Sley, who is originally from Corpus Christi, Texas, but now resides in Santa Clara, California, started out on Wall Street, working as an analyst on the commodities team for Tudor Funds, owned by billionaire Paul Tudor Jones. After the hammer came down during the recession, he relocated to Valdosta, Georgia, taking a job with Archer Midland Daniels as a soybean trader — one with a lot of free time on his hands. “I really got to know the tobacco farmers,” he says. “And I really got to know their problems.”
Eventually he resolved to create a small start-up, plunging headlong into one of the most challenging business sectors one can name. Not only is the market dominated by just a few mega-conglomerates, but tobacco itself — which, if used correctly, may well result in death — is one of the the most reviled consumer products on earth. “I’m just providing a service to people who are already enjoying tobacco,” Sley says when asked about the known health risks. “It’s a legal product.”
His goal, he added, is simply to do for tobacco what small-batch producers of whiskeys and heirloom tomatoes were doing around the country. “Nobody was doing that yet with tobacco,” he explains. American Spirit, which markets itself as organic, actually has fire retardant chemicals in its paper wrapping. And since 2001, it has been owned by Reynolds American, the second largest tobacco company in the country. Sales of American Spirits generated some $658 million last year. In comparison, Sley currently sells about 1,500 cartons of Hestia a month via his website, which amounts to less than $1 million per year.
Despite technically being around since 2010, Hestia didn’t really find its way into the hands of hipsters and the fashion crowd until Art Basel this past December, when Paris Hilton and Harry Brant were handed packs at a pop-up event and were promptly photographed smoking the brown-papered smokes. A Fashion Week party with Galore magazine and Rose McGowan brought the product to New York in February, and a few weeks later Matthew Broderick was spotted scooping up several orange packages of the product at the after-party for a Cinema Society screening of I Saw the Light.
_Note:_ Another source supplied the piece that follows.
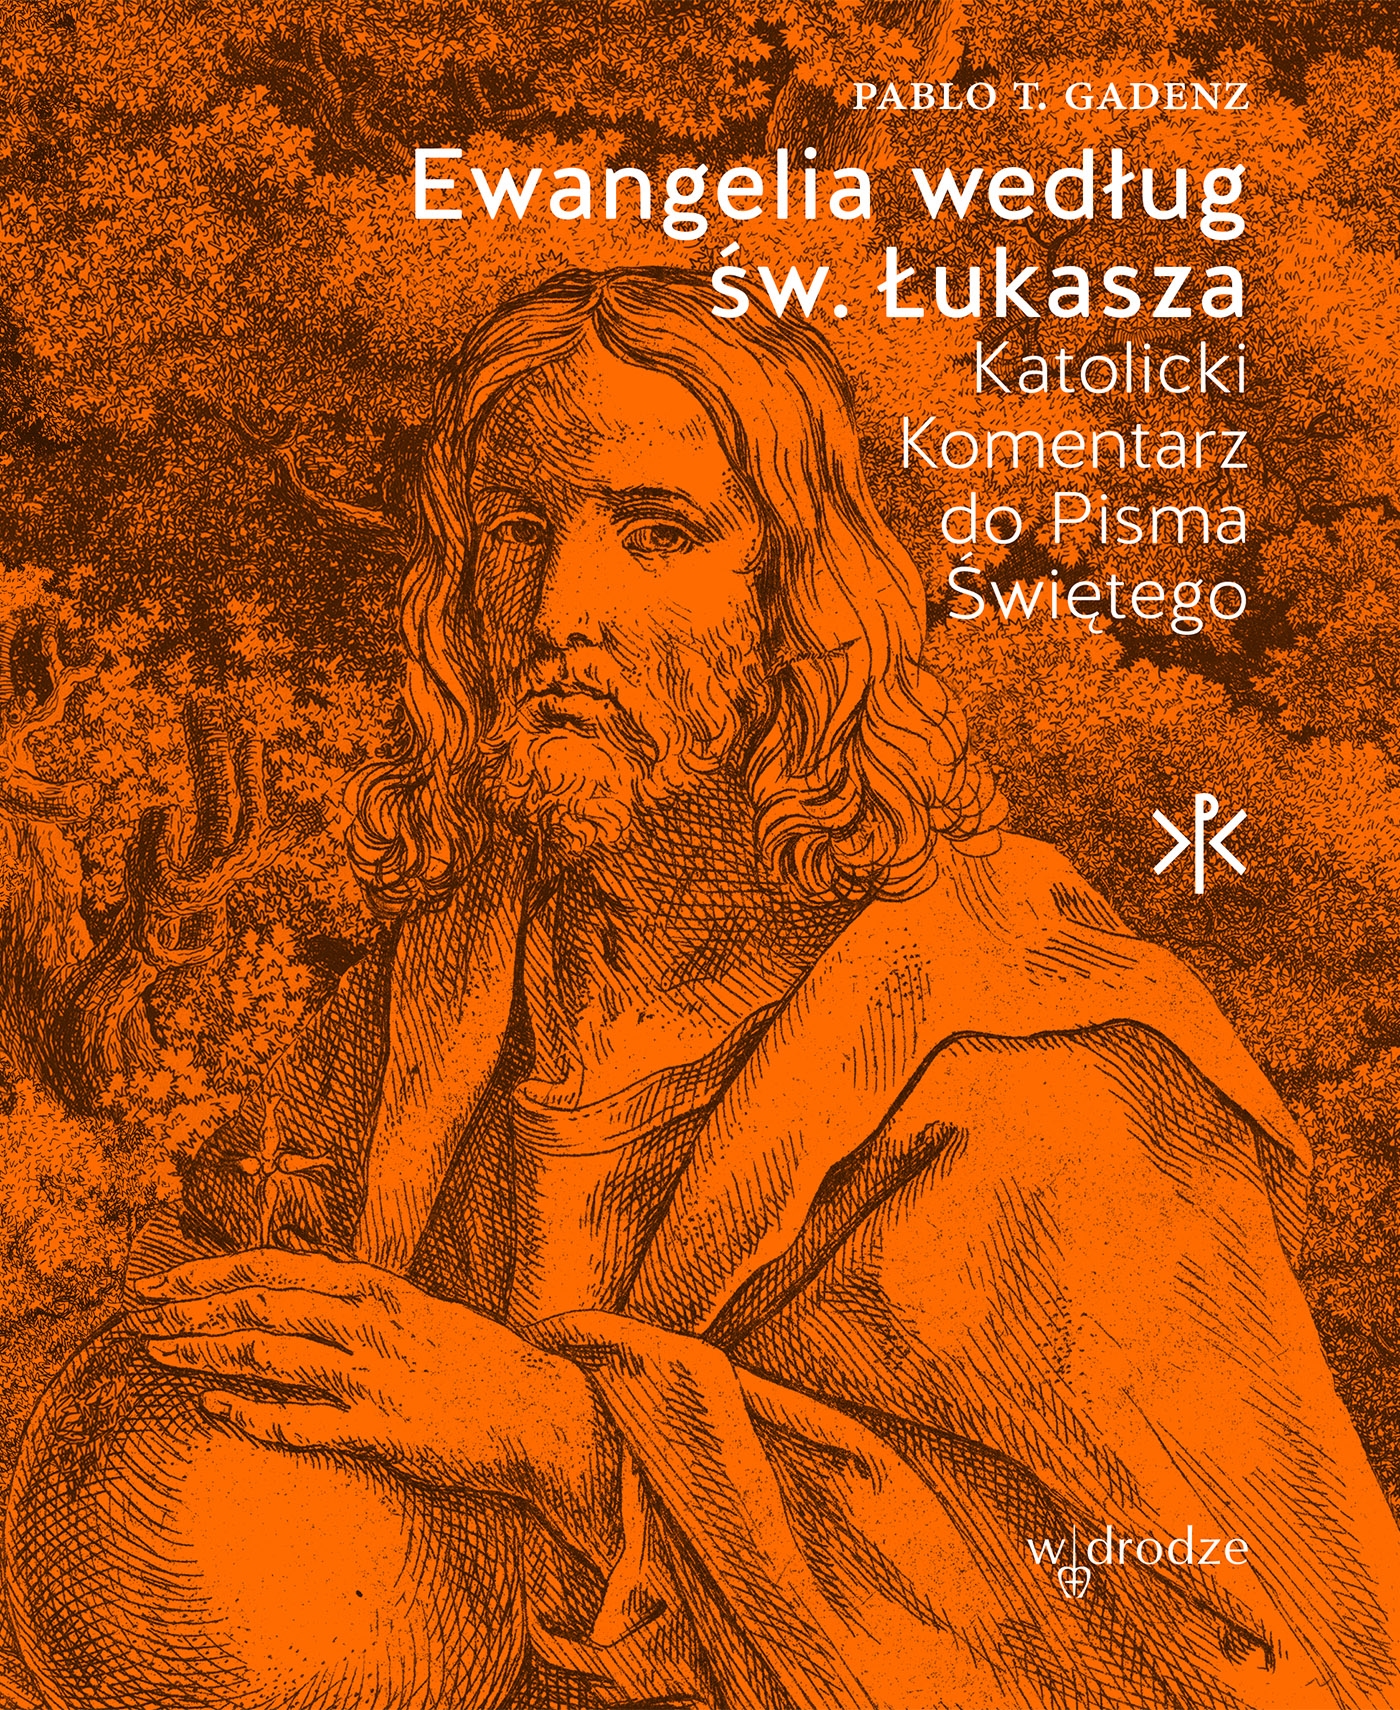 Ewangelia wg św. Łukasza | wydawnictwowam.pl

Sley says pack-a-day smokers find his brand “too strong” and aren’t really his market, but those who “just smoke when they drink” are a key demo. They can purchase his product at the Ace Hotel in Los Angeles or the Surf Lodge in Montauk, New York — both hangouts that attract masses of au courant millennials — as well as via his website.
Despite their affordability — two packs sell for $10 online — Sley compares his cigarettes to a craft liquor, insisting that he wants to “identify with a higher end market” than the competition.
“It’s the same crowd that will be drawn to things that are produced with intention,” Sley says. “We’re not mass-produced. It’s a thoughtful, curated product. People who identify with things made with thought and care and love are probably going to identify with our product.”
Of course, that is not an easy group to reach. And aside from aligning himself with hot venues or the right parties, marketing is a challenge. “Getting the word out has proven difficult,” he admitted. “Since we are still a tobacco company, and there are rules.”
There are also some detractors. For instance, a number of fashion companies have expressed reservations about allowing samples to be distributed at their events. “Some fashion brands don’t want to work with us where they’re just fine working with liquor,” he said, shaking his head. “And that’s the interesting thing: Alcohol consumption is very much a spectrum and conceived as such. If you say that you drink, it’s not the automatic assumption you’re an alcoholic. You may have a glass of wine a week, or you may have a drink once a day. But cigarette consumption is very much viewed as finite: If you smoke at all, you are a smoker, which is very tandem to being a drunk or an alcoholic. There’s not a perception of being like, ‘I go out and have a couple of drinks and a cigarette.’”
Sley should know: Like most of his customers, he is a social smoker, he says, consuming two or three cigarettes a day, or about a pack a week. Of course, he says, he smokes Hestia. (And with a Walt Whitman tattoo across his forearm, he has something in common with the brand’s packaging.)
“I do occasionally taste test the competition,” he laughs. “You know, to check up on them. See how they’re doing.”